Tarnished is a 1950 American action film directed by Harry Keller, written by John K. Butler, and starring Dorothy Patrick, Arthur Franz, Barbra Fuller, Jimmy Lydon, Harry Shannon and Don Beddoe. It was released on February 28, 1950 by Republic Pictures.

Plot

Lou Jellison is a woman living in Maine whose colleague and romantic suitor Joe Pettigrew takes her for a drive. They pick up a hitchhiker, who turns out to be Bud Dolliver, a childhood friend of Lou's who has been gone for many years, believed to be in jail.

Bud bumps into old girlfriend Nina in town. Needing a job, he follows her suggestion that he try the sardine cannery. There he finds that Lou is a secretary and Joe the personnel manager.
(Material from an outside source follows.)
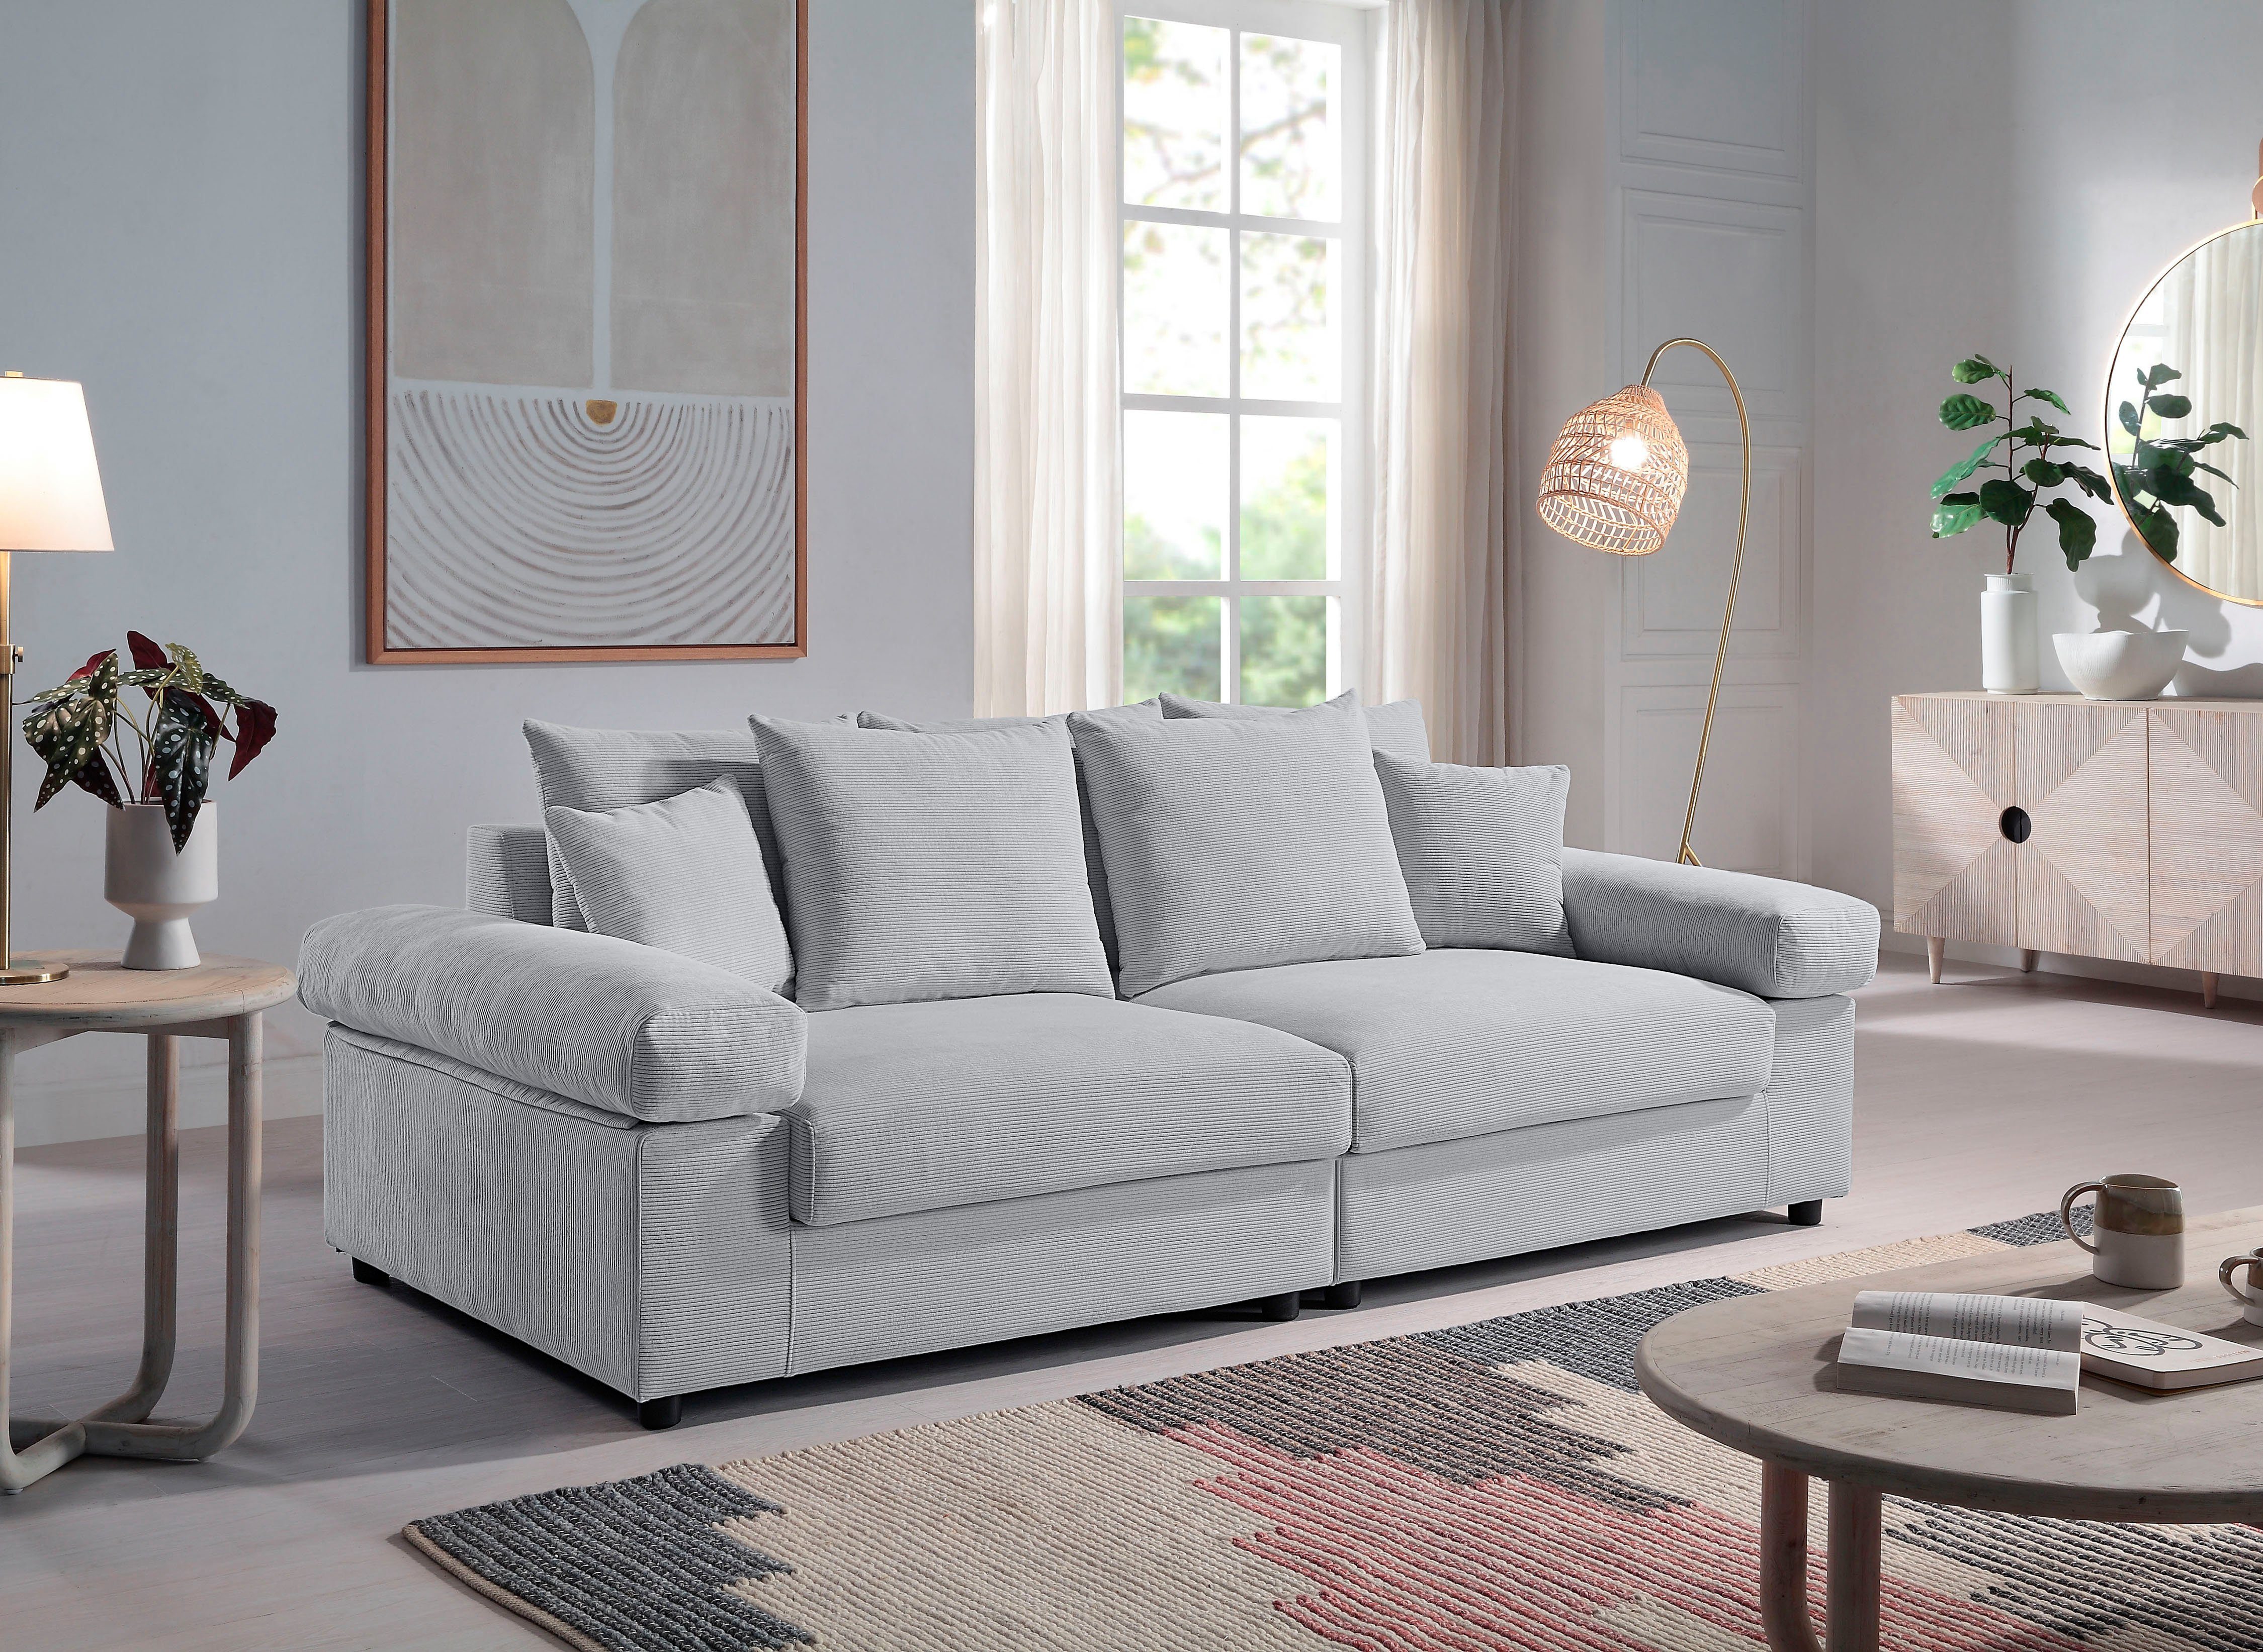 ATLANTIC home Bjoern, Cord-Bezug, collection Federkern, mit XXL-Sitzfläche, frei stellbar im grau Big-Sofa mit Raum

Joe refuses to hire an ex-convict. Bud next tries boatyard owner Kelsey Bunker, who lets him work in the machine shop.
 
Kelsey's irritable son Junior causes an accident that renders Bud unconscious. A tattoo is discovered revealing Bud had been in the Marines, not in jail. When he comes to, Bud says he's unwilling to use his military service as a way of improving his reputation around town.

Lou falls for Bud, despite the strong disapproval of her parents. They elope to Vermont but are unable to wed. Upon their return, a jealous Joe picks a fight with Bud, and then Junior also punches him after catching Bud in a bar talking to Nina.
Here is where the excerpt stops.